1 litre of whole milk -I used UHT becuase I want to use it up (if you use fresh milk heat it to boiling point first and allow to cool to room temperature)
1 150g pot of whole milk natural yogurt -I used Yeo Valley
2 tbsp of creme fraiche
Mix carefully the creme fraiche and the yogurt then whisk in the milk.
Put in the yogurt maker for 8 hours.
Result -thick, creamy, delicious yogurt.
Something I didn't know was that you can flavour and sweeten yogurt before making it. I always thought you could only make yogurt plain, but apparently not.

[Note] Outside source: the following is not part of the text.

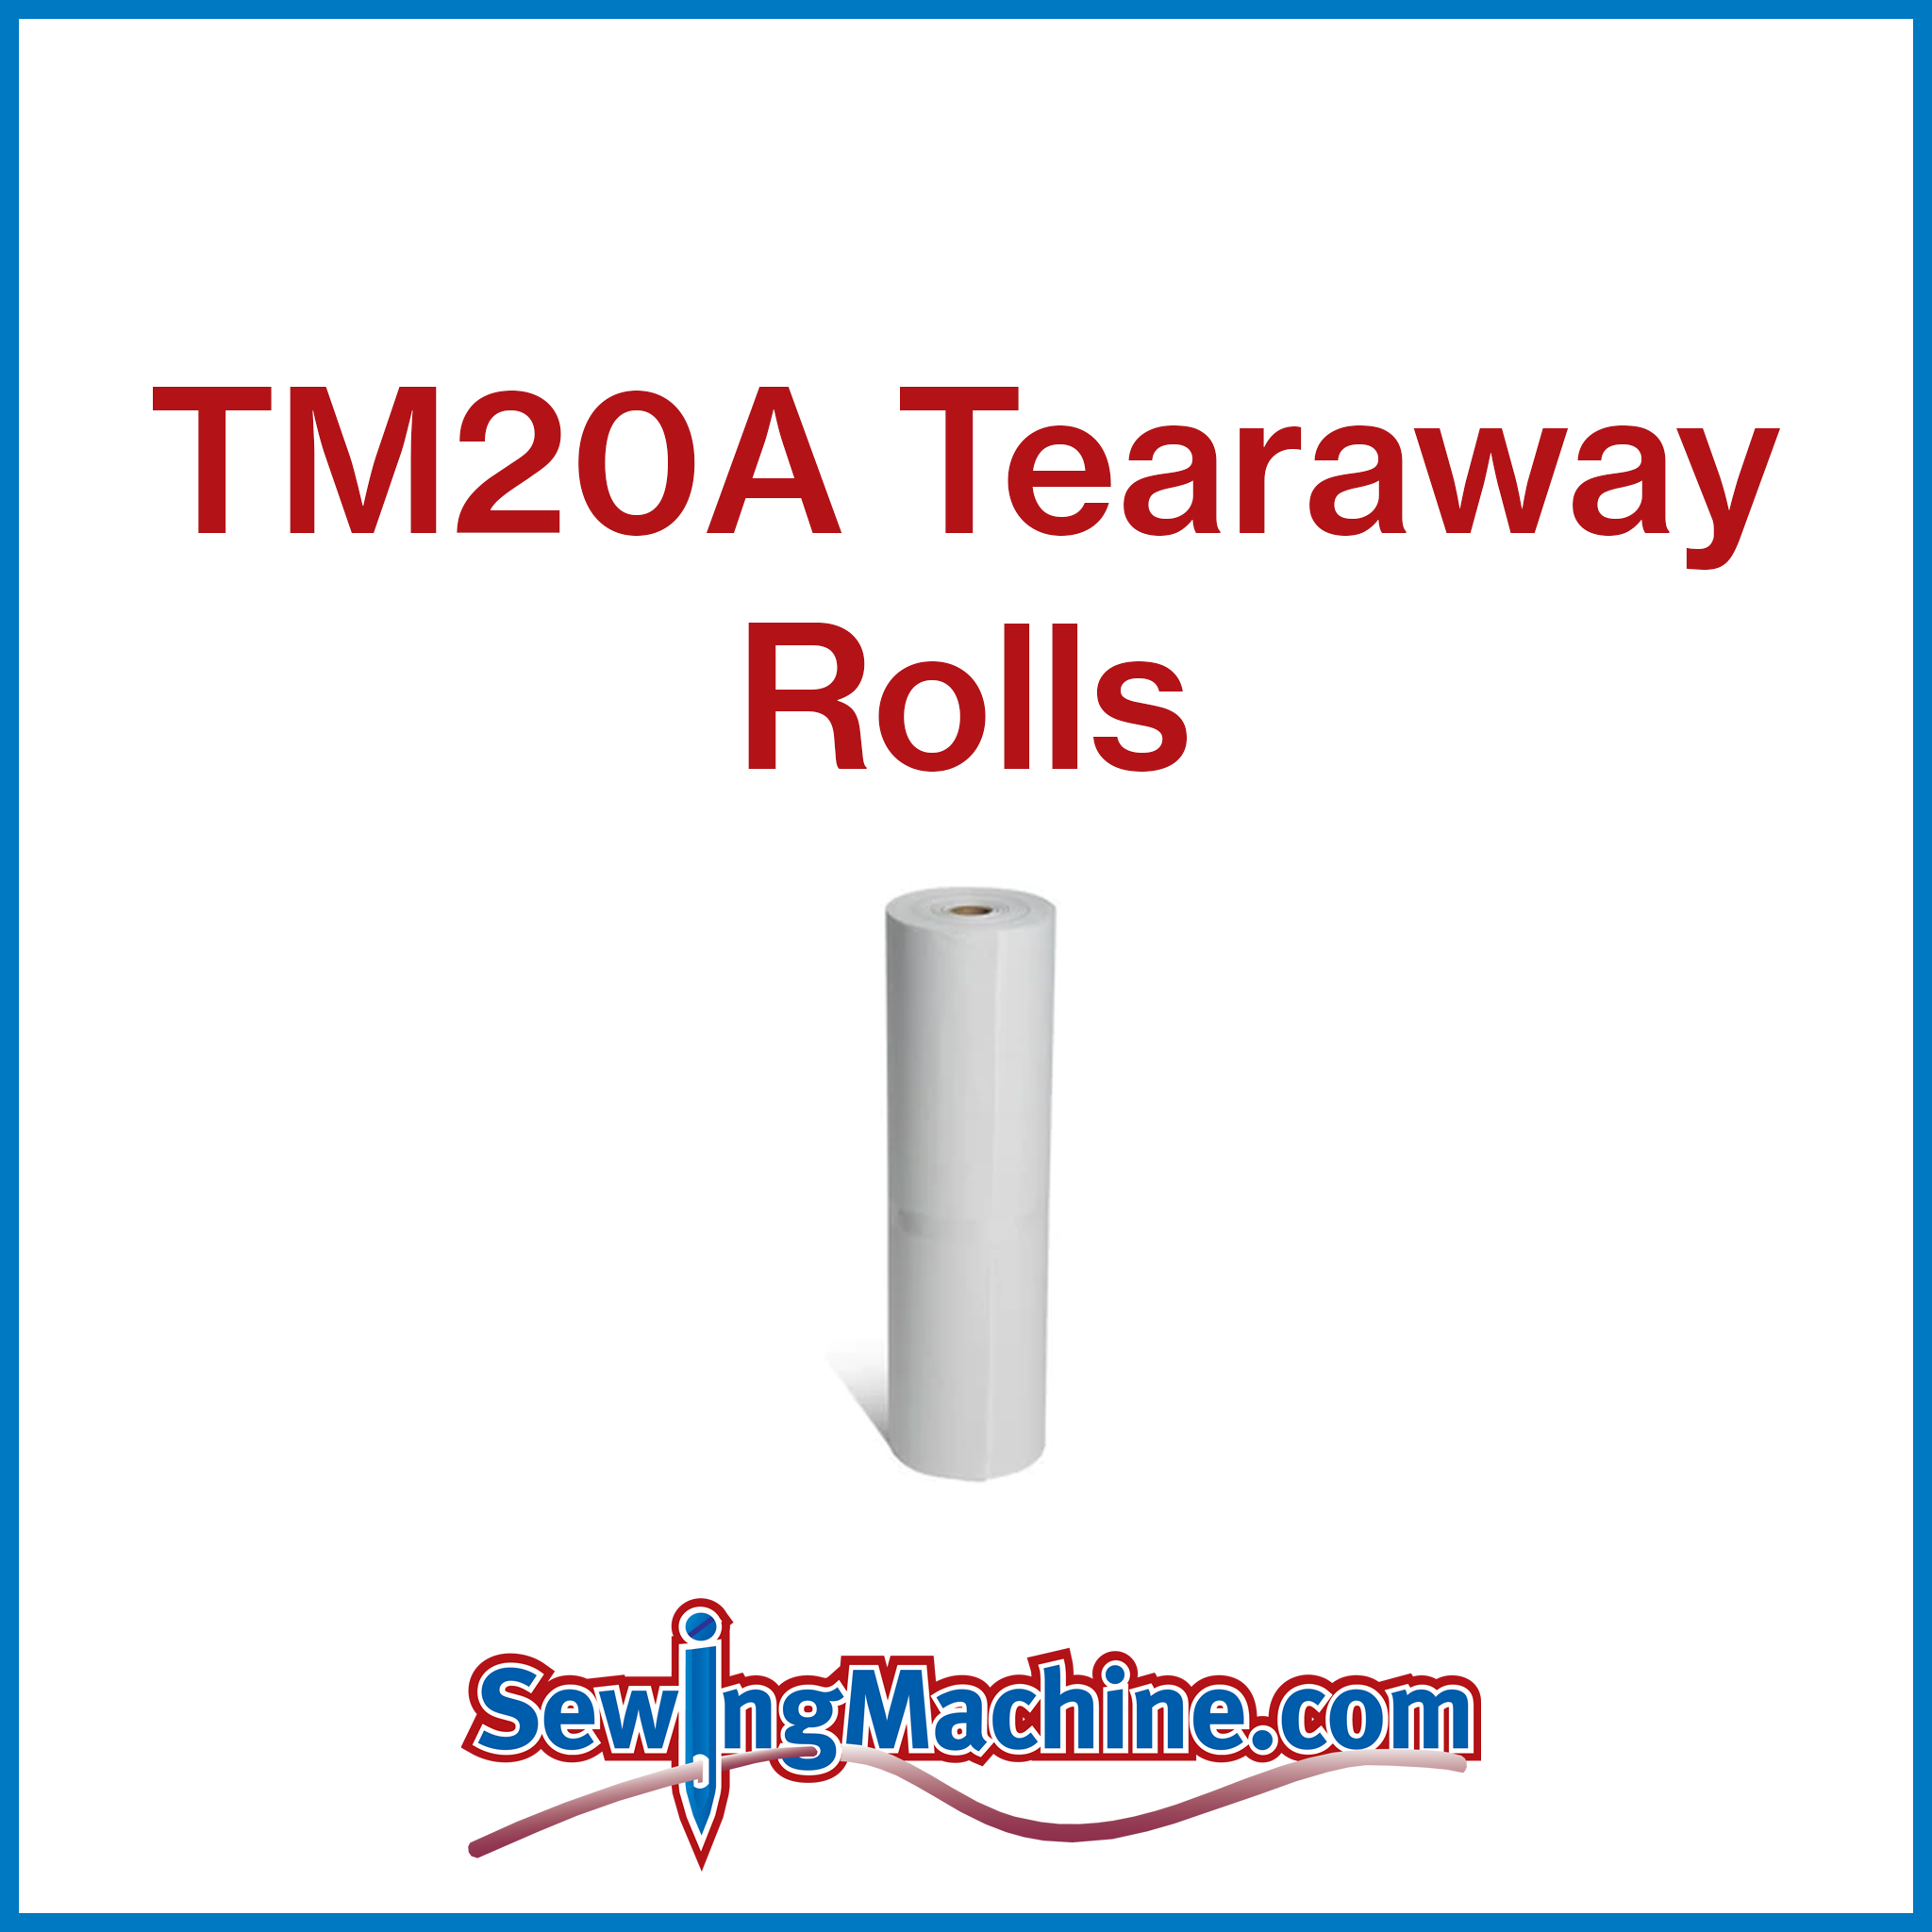 TM20A Tearaway 2oz Rolls

The recipes in my new book are made in the sort of yogurt maker that has little glass pots -very attractive they are too. I think I might get myself one. (Btw they are cheaper on Amazon.fr than Amazon.co.uk even with postage). I have a 'bulk' yogurt maker that makes a litre at a time so I haven't tried the flavoured ones yet although there is no reason why you can't make them in a bulk yogurt maker.
The recipes also use one pot (150g) of yogurt starter for each 1 litre batch which is more than usually recommended. I have set aside 1 pot's worth for my next batch.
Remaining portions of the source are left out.